The above outline of the modules and their usage corresponds to a sensible organization of a web-based course in systems biology. However, there are certainly alternative formulations possible that may be equally appropriate or even better adapted to the needs of the students. In order to find an optimal course design, it would be necessary to perform comprehensive tests involving students and the assessment of their performance. This would allow to obtain unambiguous information about differences in the course’s structure. In Section 3, we outlined graph-theoretical methods from hypertext learning. Here, we argue that those can be employed to analyze and optimize the design of a web-based course. Once we consider websites within the web-based learning system as hypertext structures, we may use methods from quantitative network analysis [54] to explore the underlying structures (graphs). However, note that the problem of mapping web pages or websites to graphs is not unique and several methods have been proposed to do so [31,55]. After deriving the hypertext graphs, concrete problems to use this apparatus would involve investigating navigational paths induced by different learners. Thus, strategies could be derived whose navigational paths are optimal for a particular learner. For instance, a linear path structure could be best for a learner possessing lower prior knowledge, whereas a hypertext graph structure with higher connectivity (hypertextual paths) could be a better fit for a learner possessing higher prior knowledge. Besides, corpora of graph-based learning patterns characterize the usage of certain course layouts, which may allow to detect the under- or overrepresentation of specific course topics and thus contribute to improve the quality of a web-based course.

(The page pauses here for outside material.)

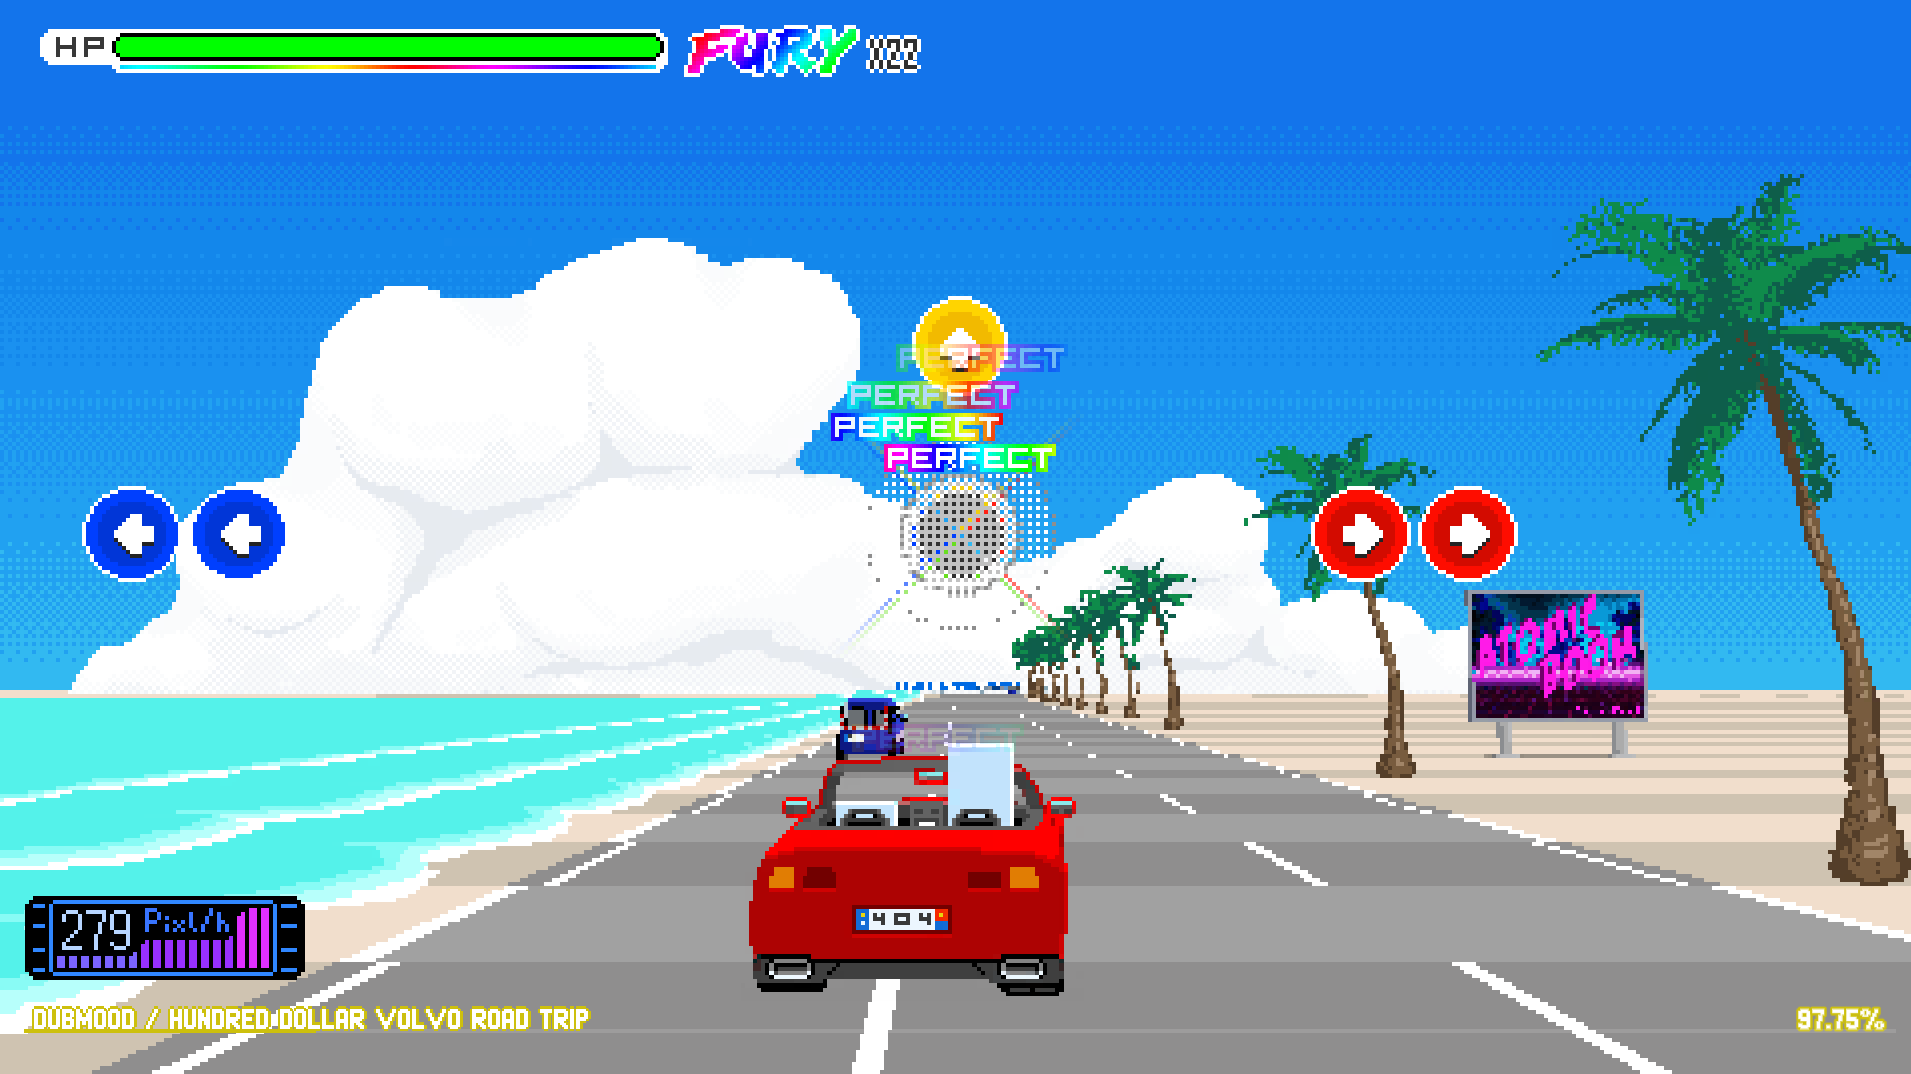 Colored circles with white arrows in them, over a beach scene with a red convertible driving down a road.

For instance, it could be interesting to determine which navigational paths are recommended for which learner (e.g., linear, well-structured for low-achievers/lower prior knowledge, more hypertextual paths for high-achievers/higher prior knowledge).

6. Conclusions

In this paper, we investigated the conceptual design of a web-based course for educating students in systems biology. We started by discussing learning strategies to root our problem theoretically. Then, we briefly explained some interrelations between web-based learning systems and hypertextual (learning) patterns representing graphs. Because one can infer graphs from web pages, websites or usage pattern, see [31], several methods have been explored for investigating the relatedness between structural features of hypertext patterns and the behavior of a learner. In the future, it might be interesting to examine such graphs when using a concrete platform to implement our proposed modules. A typical problem would be then to evaluate certain features of hypertextual patterns such as linearity or hierarchy types and correlate them to other characteristics appearing while learning (e.g., learning performance). As mentioned, future attention should also be drawn to perform tests for assessing the performance of students when using the proposed modules. Moreover, tests will be needed to tackle the challenging problem of choosing a specific web-based platform that is best for the learner and our particular problem area.